SolrCloud – write and read tolerance

SolrCloud similar to most of the distributed systems is designed with some rules in mind. There are also rules that each distributed system is subject to. For example the CAP theorem tells that a system can’t achieve availability, data consistency and network partition split tolerance at the same time – you can have two out of three at most. Of course, in this blog entry, we will not be discussing principles of the distributed systems, but we will focus on write and read tolerance in SolrCloud.

Write time tolerance

Write tolerance is not a simple topic. First of all, with the introduction of Solr 7.0 we got a variety of replica types. We have NRT replicas which write data to transaction log and index data on each replica. We have TLOG type replicas which write to transaction log, but instead of indexing the data on their own they use the replication mechanism to pull the data. And finally we have the PULL replicas which do not use transaction log and only use replication mechanism to pull the data periodically from the leader shard.

However, we won’t be analyzing how each of the replica types work, but we will focus on the NRT replicas, because this type was here from the beginning of SolrCloud and what’s more this is still the default type of replicas in SolrCloud.
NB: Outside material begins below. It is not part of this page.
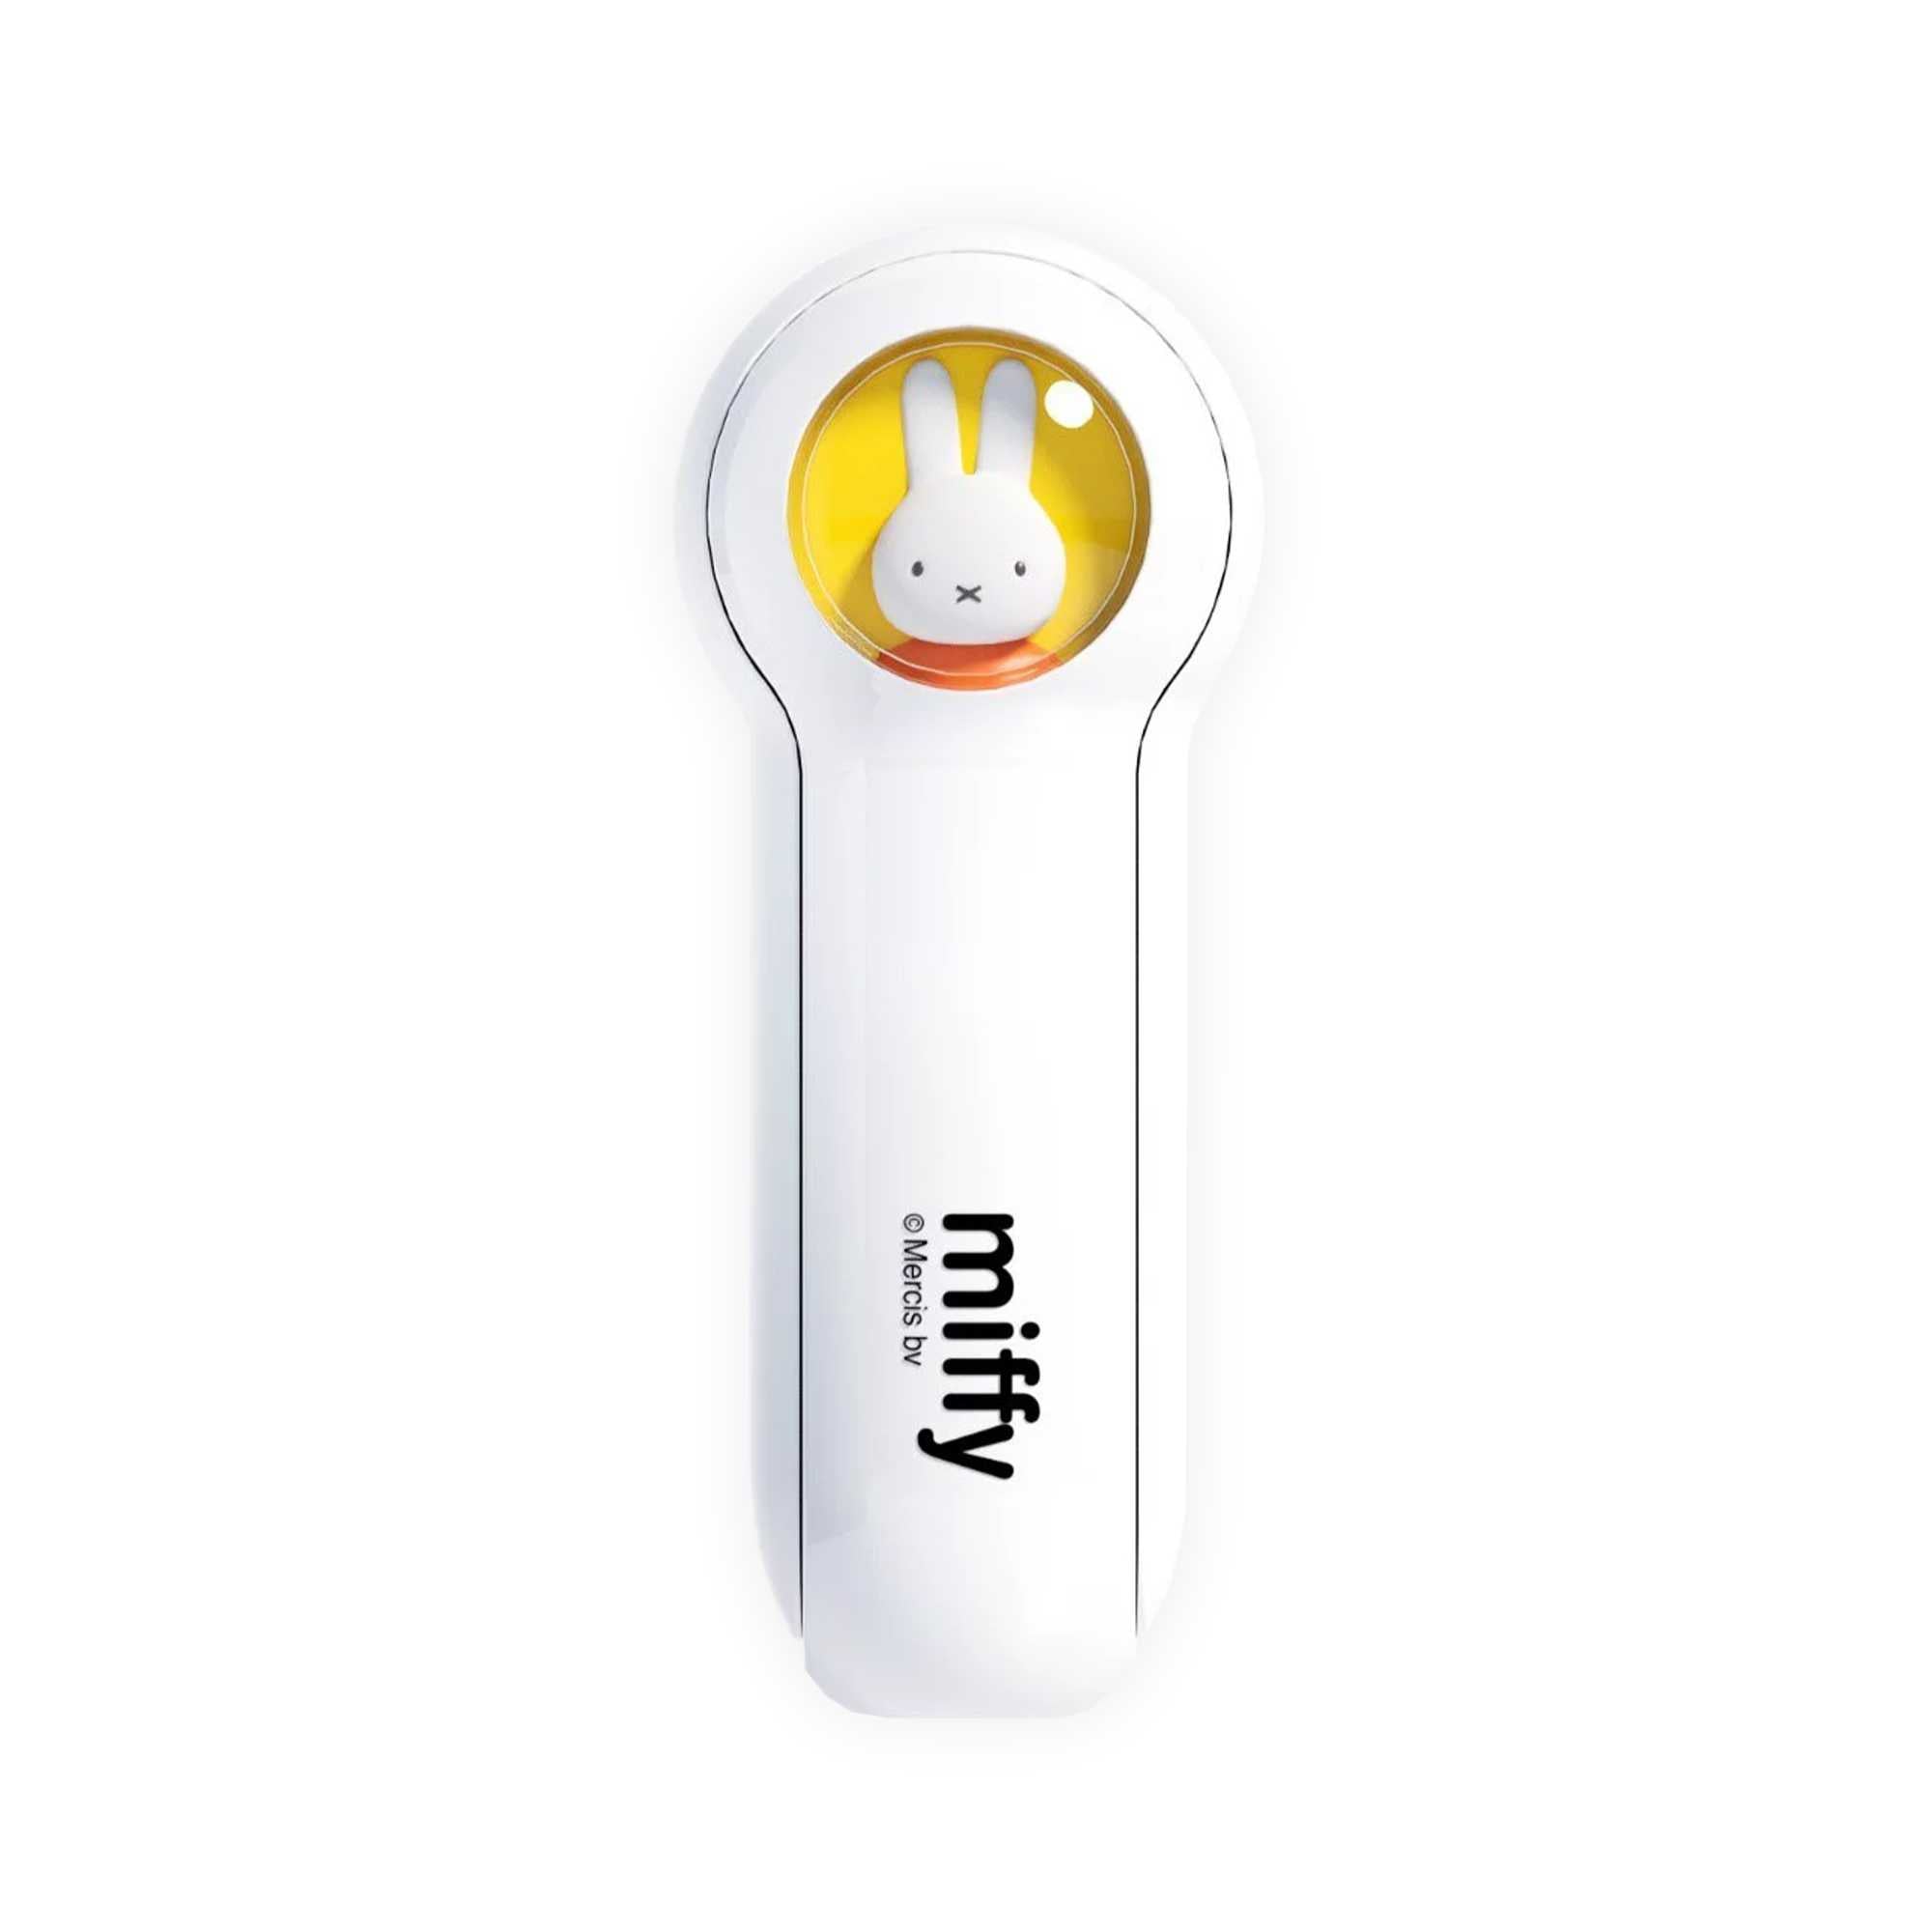 Miffy usb-c mini fan, yellow
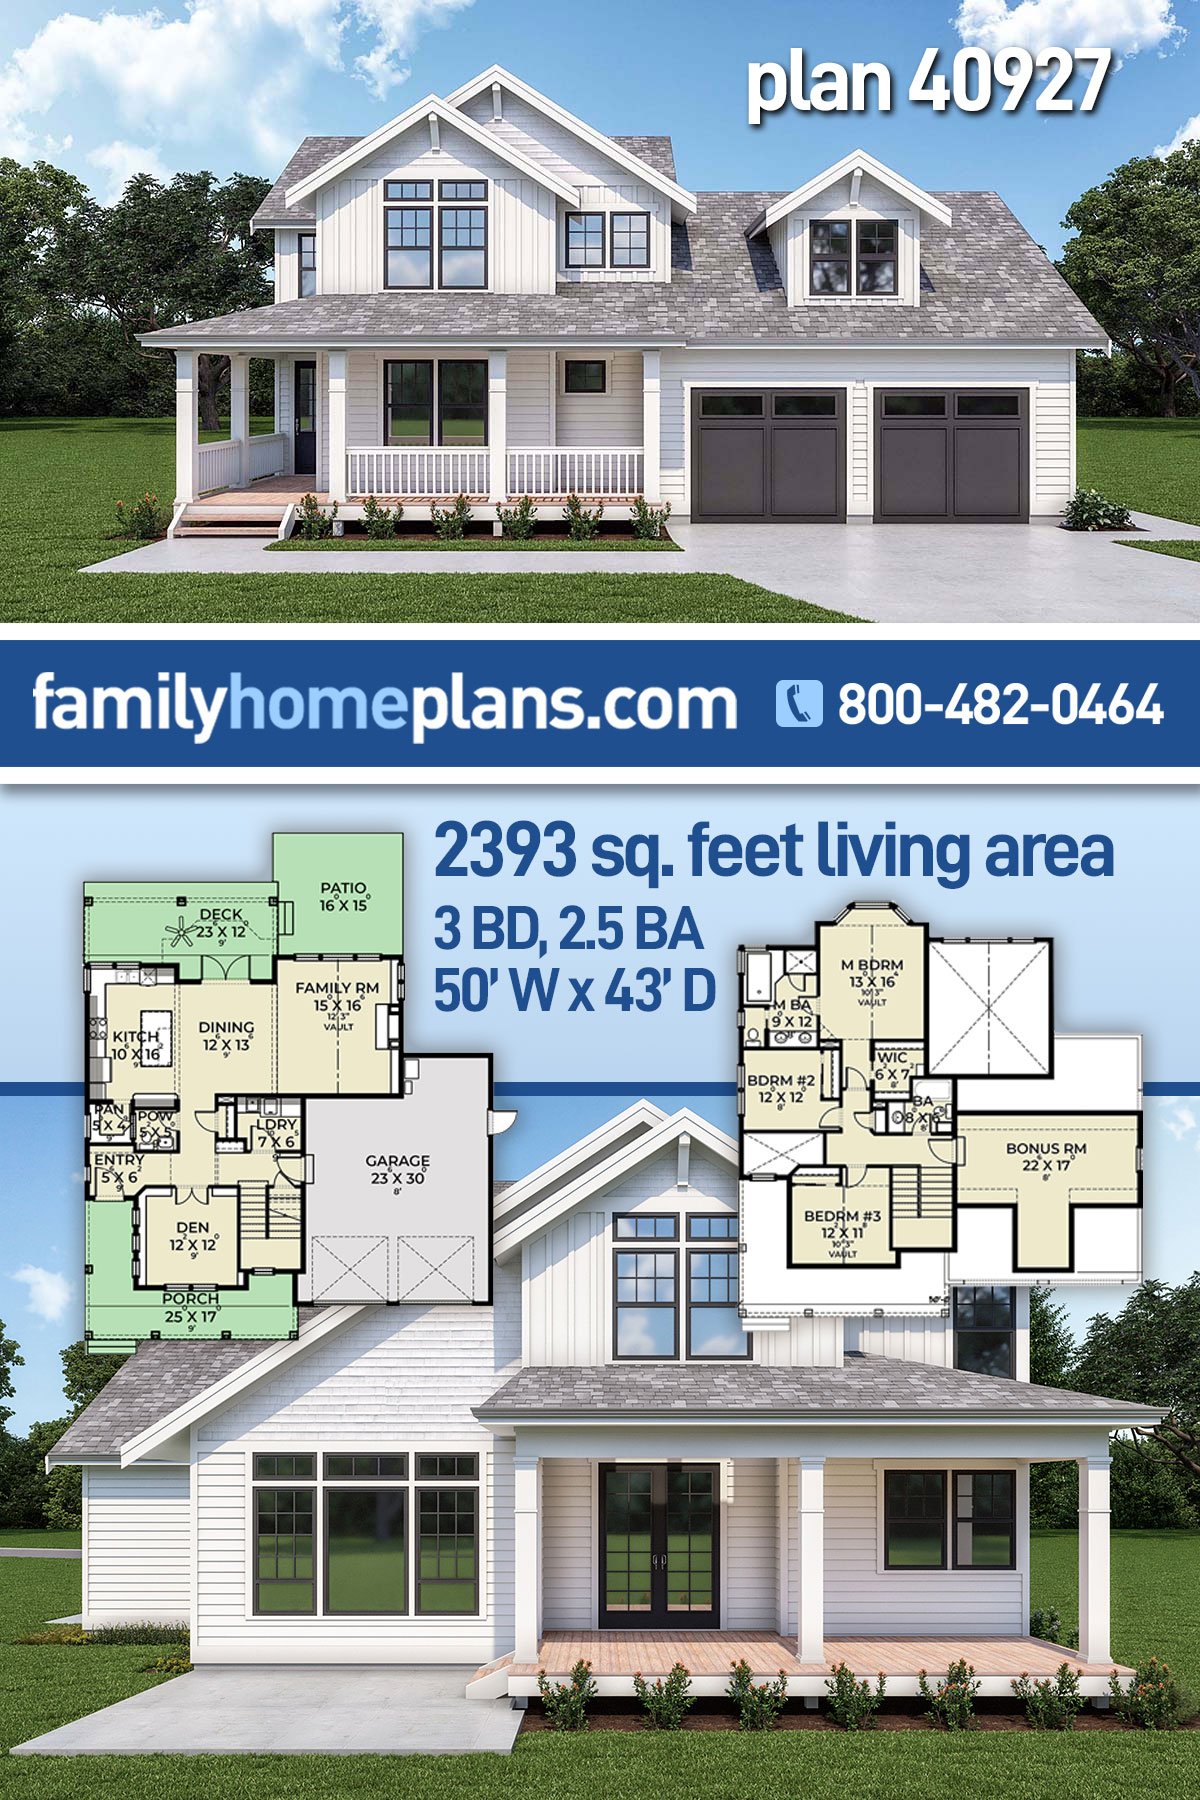 House Plan 40927

When it comes to NRT replicas, the indexing process is as follows. The leader accepts the data, writes it into the transaction log and sends it to all its replicas (assuming all are of NRT type). Then each of the replicas writes the data to the transaction log and return the acknowledgment. At this point we know that the data is safe. Of course, somewhere in the meantime the data will also be written to the inverted index. But the question is – what will happen when not all shards will be available? I would bet on indexing not succeeding, but to be perfectly sure – let’s check that by starting two Solr instances by using the following commands

$ bin/solr start -c

$ bin/solr start -z localhost:9983 -p 6983

Next, let’s create a collection built of two shards:

$ bin/solr create_collection -c test_index -shards 2 -replicationFactor 1

Once the collection is created let’s stop one of the instances

$ bin/solr stop -p 6983

And finally let’s try indexing some data by using the following command:

$ curl -XPOST -H 'Content-type:application/json' 'localhost:8983/solr/test_index/update' -d '{
 "id" : 2,
 "name" : "Test document"
}'

As we would expect Solr returns an error:

{
  "responseHeader":{
    "status":503,
    "QTime":4011},
  "error":{
    "metadata":[
      "error-class","org.apache.solr.common.SolrException",
      "root-error-class","org.apache.solr.common.SolrException"],
    "msg":"No registered leader was found after waiting for 4000ms , collection: test_index slice: shard2 saw state=DocCollection(test_index//collections/test_index/state.json/8)={\n  \"pullReplicas\":\"0\",\n  \"replicationFactor\":\"1\",\n  \"shards\":{\n    \"shard1\":{\n      \"range\":\"80000000-ffffffff\",\n      \"state\":\"active\",\n      \"replicas\":{\"core_node3\":{\n          \"core\":\"test_index_shard1_replica_n1\",\n          \"base_url\":\"http://192.168.1.11:8983/solr\",\n          \"node_name\":\"192.168.1.11:8983_solr\",\n          \"state\":\"active\",\n          \"type\":\"NRT\",\n          \"force_set_state\":\"false\",\n          \"leader\":\"true\"}}},\n    \"shard2\":{\n      \"range\":\"0-7fffffff\",\n      \"state\":\"active\",\n      \"replicas\":{\"core_node4\":{\n          \"core\":\"test_index_shard2_replica_n2\",\n          \"base_url\":\"http://192.168.1.11:6983/solr\",\n          \"node_name\":\"192.168.1.11:6983_solr\",\n          \"state\":\"down\",\n          \"type\":\"NRT\",\n          \"force_set_state\":\"false\",\n          \"leader\":\"true\"}}}},\n  \"router\":{\"name\":\"compositeId\"},\n  \"maxShardsPerNode\":\"-1\",\n  \"autoAddReplicas\":\"false\",\n  \"nrtReplicas\":\"1\",\n  \"tlogReplicas\":\"0\"} with live_nodes=[192.168.1.11:8983_solr]",
    "code":503}}

In that case we can’t really do anything. We don’t want to manually route the data and even if we would, we don’t have a guarantee that the data would end up in one of the available shards. The best we can do is bring the missing shards back to life as soon as possible 😉

What will happen if we have multiple replicas and only some of them are missing? In that case the write should be successful and Solr should inform us how many replicas written the data (at least in its newest versions) by including the rf parameter in the response. Let’s check that out.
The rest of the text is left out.